A shopper pushes a cart 41 m south down one aisle and then turns 90.0° west and moves 28 m. He then makes another 90.0° turn and moves 14 m.
(a) What is the largest possible displacement of the shopper?
____m ___° counterclockwise from west
start the shopper at (0,0)
After pushing the cart 41 m south, he's now at (0, -41)
After turning west and pushing the cart 28 m, he's now at (-28, -41)
Now he has to turn 90 degrees again. . . he will then be going either north or south. . . south will result in the largest displacement from the origin. . . now he's at (-28, -55)
The distance from the origin is (28^2 + 55^2)^0.5
Let the angle counterclockwise from west be x: then
tan x = 55/28
To find the largest possible displacement of the shopper, we can create a right triangle using the distances traveled in the north-south and east-west directions.

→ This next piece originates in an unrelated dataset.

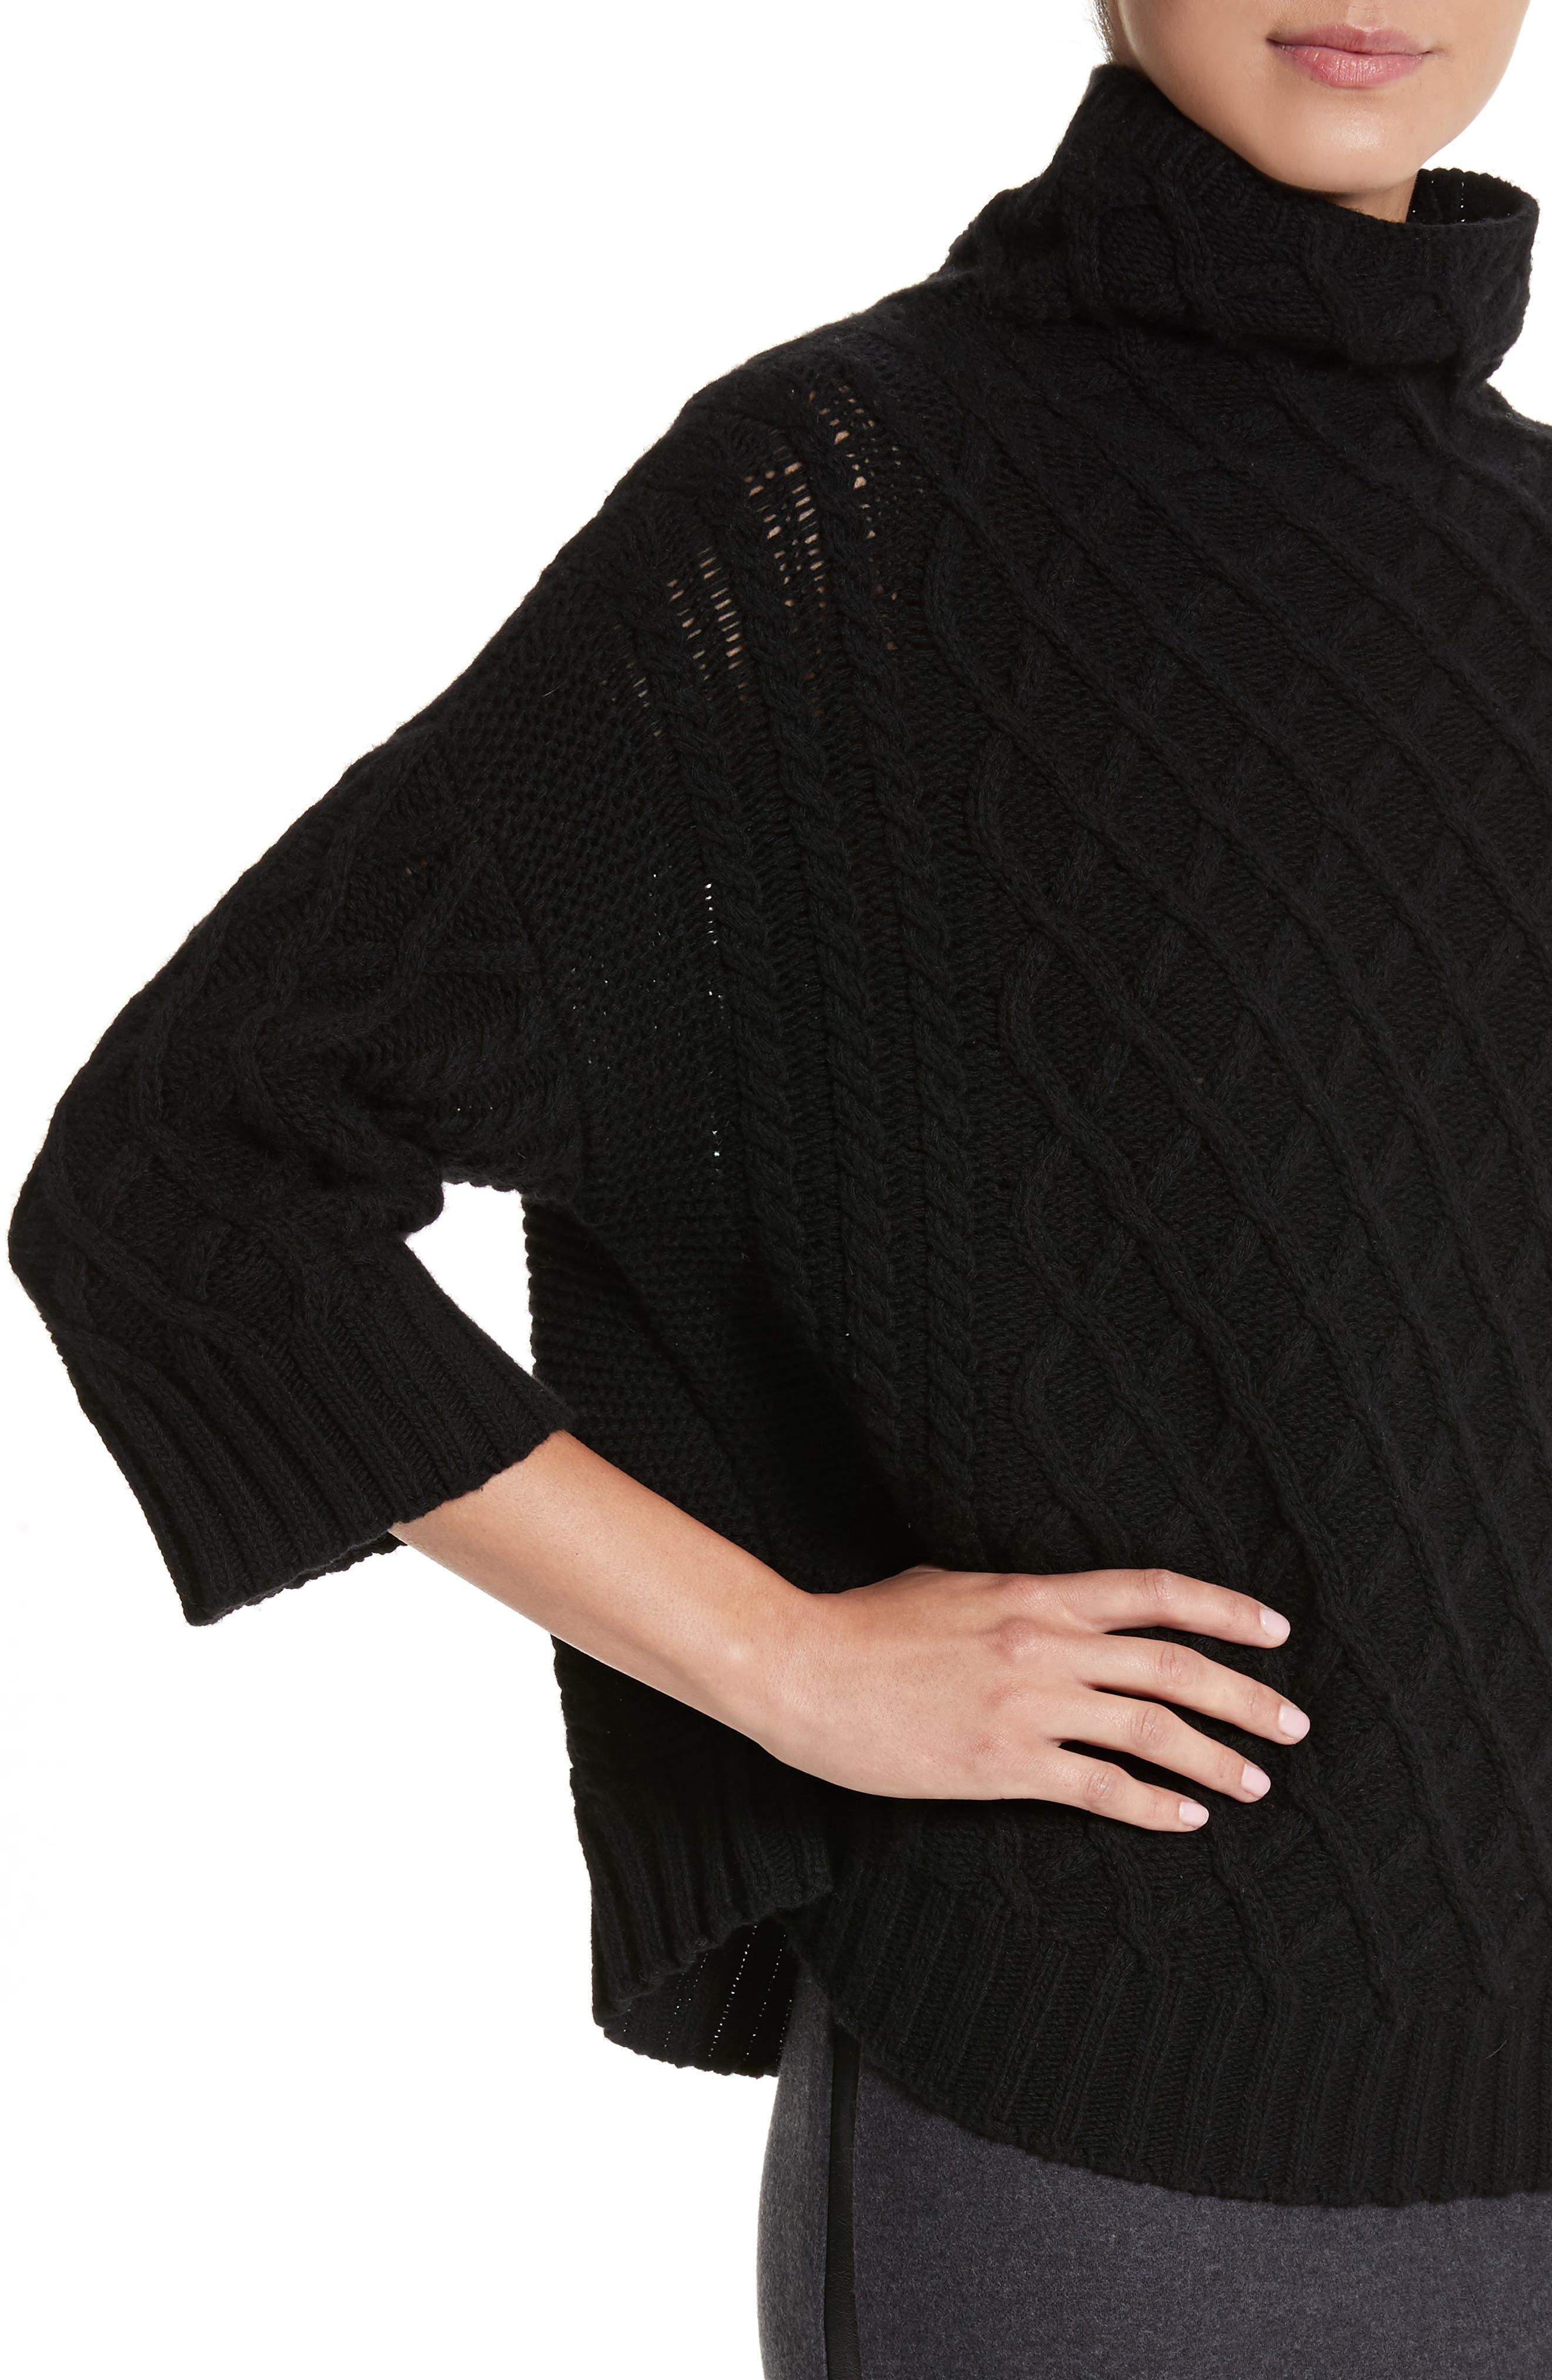 Alternate Image 4  - Max Mara Cantone Wool & Cashmere Funnel Neck Sweater

Let's break down the shopper's movements into their components:
- 41 m south
- 28 m west
- 14 m north
Now, let's calculate the displacement in the north-south (y) direction:
Total displacement in the y-direction = -41 m + 14 m = -27 m
Note that we use a negative sign since the displacement is in the opposite direction of the positive y-axis.
Next, let's calculate the displacement in the east-west (x) direction:
Total displacement in the x-direction = 28 m
Now, we can use the Pythagorean theorem to find the magnitude of the displacement:
Displacement (d) = √(x^2 + y^2)
d = √((28)^2 + (-27)^2)
d = √(784 + 729)
d ≈ √1513
d ≈ 38.90 m
So, the largest possible displacement of the shopper is approximately 38.90 meters.
To find the angle counterclockwise from the west, we can use trigonometry. Using the arctan function, we can find the angle:
angle = arctan(y/x)
angle = arctan(-27/28)
angle ≈ -45.65°
Thus, the largest possible displacement of the shopper is approximately 38.90 meters, counterclockwise from the west by about 45.65°.